How Do You Determine the Intersection Point of a Line Orthogonal to a Plane?

[Nikitin]

Homework Statement

A plane has the equation aX + bY + cZ + d = 0. A line L goes from (0,0,0) and crosses the plane at some point. L and plane are orthogonal. express the coordinates of the crossing point P by: a, b, c and d.

Homework Equations

I know that [a,b,c] is the directional vector for the line and that

|d|/sqrt(a^2 + b^2 + c^2) is the distance between point P and origo. I know and understand this at least.

The Attempt at a Solution

I'm lost lol

 

[Nikitin]

ah damn, I haven't learned about directional vectors this year. but i was reminded about that stuff by a friend who helped me with this assignment.

So, if I divide [a,b,c] by the length of the directional vector, sqrt(a^2 + b^2 + c^2) and then multiply it by the length of the OP vector, |d|/sqrt(a^2 + b^2 + c^2), I get:

a|d|/a^2 + b^2 + c^2, b|d|/a^2 + b^2 + c^2, c|d|/a^2 + b^2 + c^2 = P.

The answer is supposed to be (-ad/a^2 + b^2 + c^2,-bd/a^2 + b^2 + c^2,-cd/a^2 + b^2 + c^2) = P

*sigh* does this have something to do with all the fools sometimes saying a plane's equation is ax+by+cz -d = 0 instead of ax+by+cz +d = 0 ? or that d is negative if the directional vector is posetive?

has been a really long day at school + after 4 me and I'm sleepy as hell.. hope somebody can fill me in tomorrow

 

[HallsofIvy]

Homework Statement

A plane has the equation aX + bY + cZ + d = 0. A line L goes from (0,0,0) and crosses the plane at some point. L and plane are orthogonal. express the coordinates of the crossing point P by: a, b, c and d.

Let the line be given by x= ut, y= vt, z= wt (since (0,0,0) satifies that). If the plane and line are orthogonal, then <u, v, w> must be orthogonal to the plane and so must be parallel to <a, b, c>. That is u= ka, v=kb, w= kc. x= kat, y= kbv, z= kct. Putting that into the equation of the plane, k(a^2+ b^2+ c^2)t+ d= 0. t= -d/(a^2+ b^2+ c^2). Put that into the equation of the line and solve for x, y, and z.

Homework Equations

I know that [a,b,c] is the directional vector for the line and that

|d|/sqrt(a^2 + b^2 + c^2) is the distance between point P and origo. I know and understand this at least.

The Attempt at a Solution

I'm lost lol

 

[Nikitin]

hmm thanks but could you, or somebody else, answer the question in post 2?

 

[Nikitin]

ah damn, I haven't learned about directional vectors this year. but i was reminded about that stuff by a friend who helped me with this assignment.
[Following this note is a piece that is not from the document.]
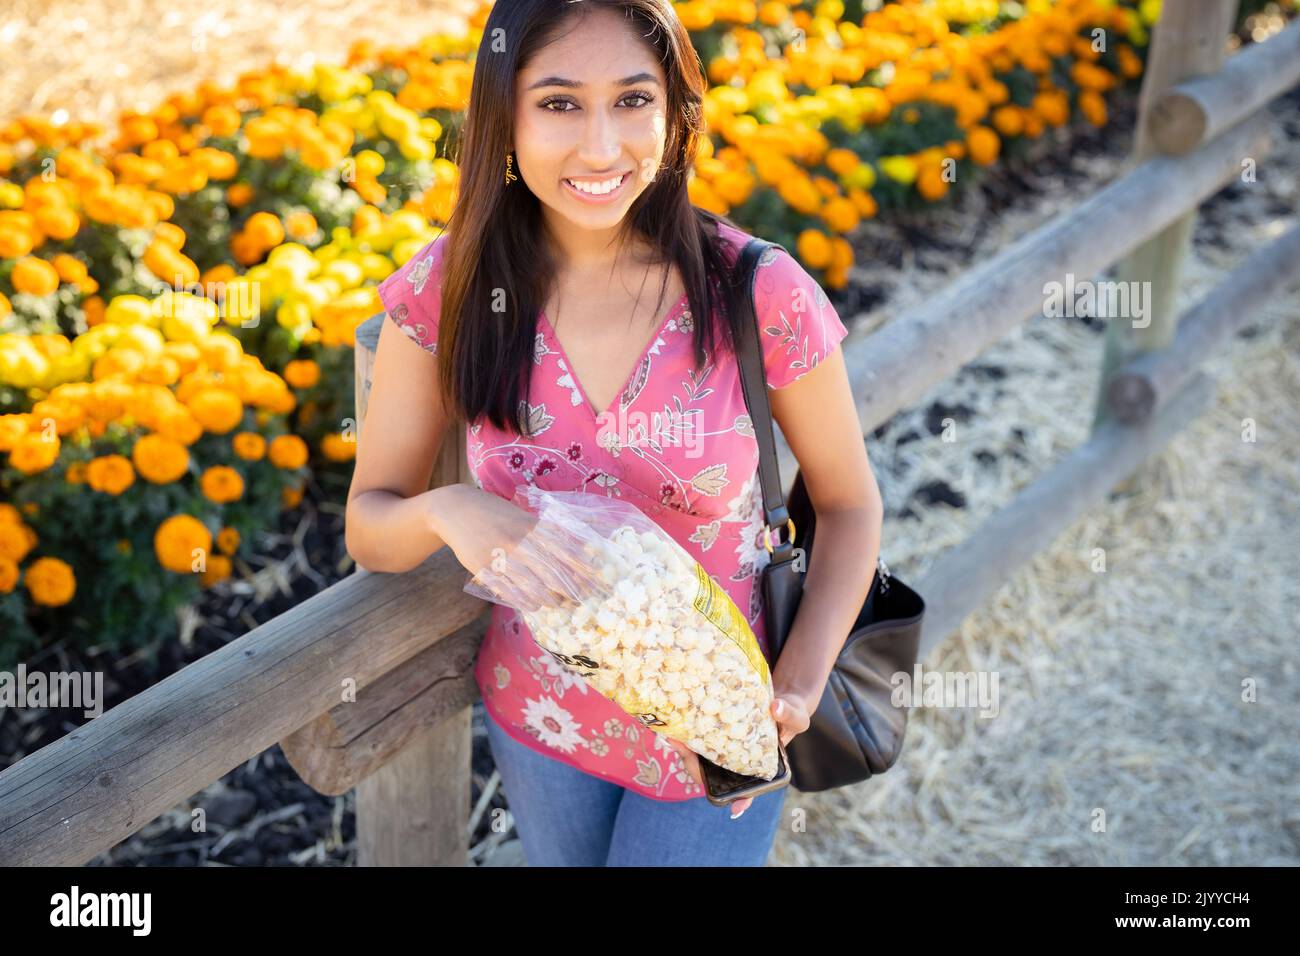 Fall Celebration Portrait of Young Asian Woman Standing in Front of a Field of Orange and Yellow Marigolds | Eating Kettle Co Stock Photo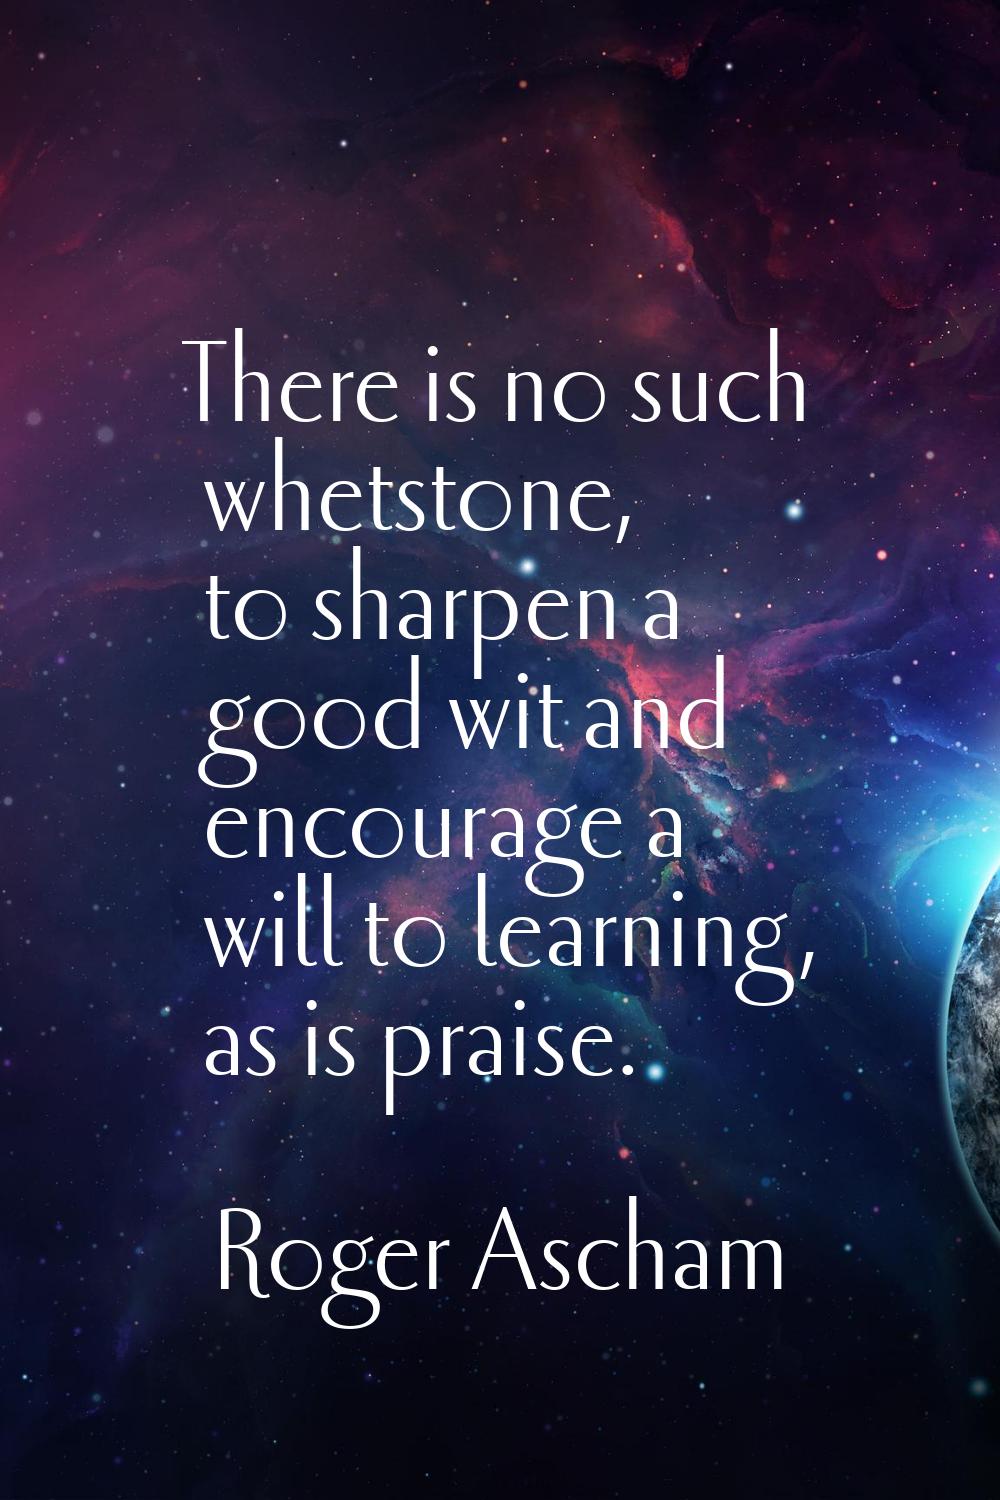 There is no such whetstone, to sharpen a good wit and encourage a will to learning, as is praise.

So, if I divide [a,b,c] by the length of the directional vector, sqrt(a^2 + b^2 + c^2) and then multiply it by the length of the OP vector, |d|/sqrt(a^2 + b^2 + c^2), I get:

a|d|/a^2 + b^2 + c^2, b|d|/a^2 + b^2 + c^2, c|d|/a^2 + b^2 + c^2 = P.

The answer is supposed to be (-ad/a^2 + b^2 + c^2,-bd/a^2 + b^2 + c^2,-cd/a^2 + b^2 + c^2) = P

*sigh* does this have something to do with all the fools sometimes saying a plane's equation is ax+by+cz -d = 0 instead of ax+by+cz +d = 0 ? or that d is negative if the directional vector is positive?

has been a really long day at school + after 4 me and I'm sleepy as hell.. hope somebody can fill me in tomorrow

Can somebody explain to me the logic of why the answer should be negative [like this: (-ad/a^2 + b^2 + c^2,-bd/a^2 + b^2 + c^2,-cd/a^2 + b^2 + c^2) = P], and not in absolutes [like this (-ad/a^2 + b^2 + c^2,-bd/a^2 + b^2 + c^2,-cd/a^2 + b^2 + c^2) = P]?

I believe the absolutes answer is plain wrong.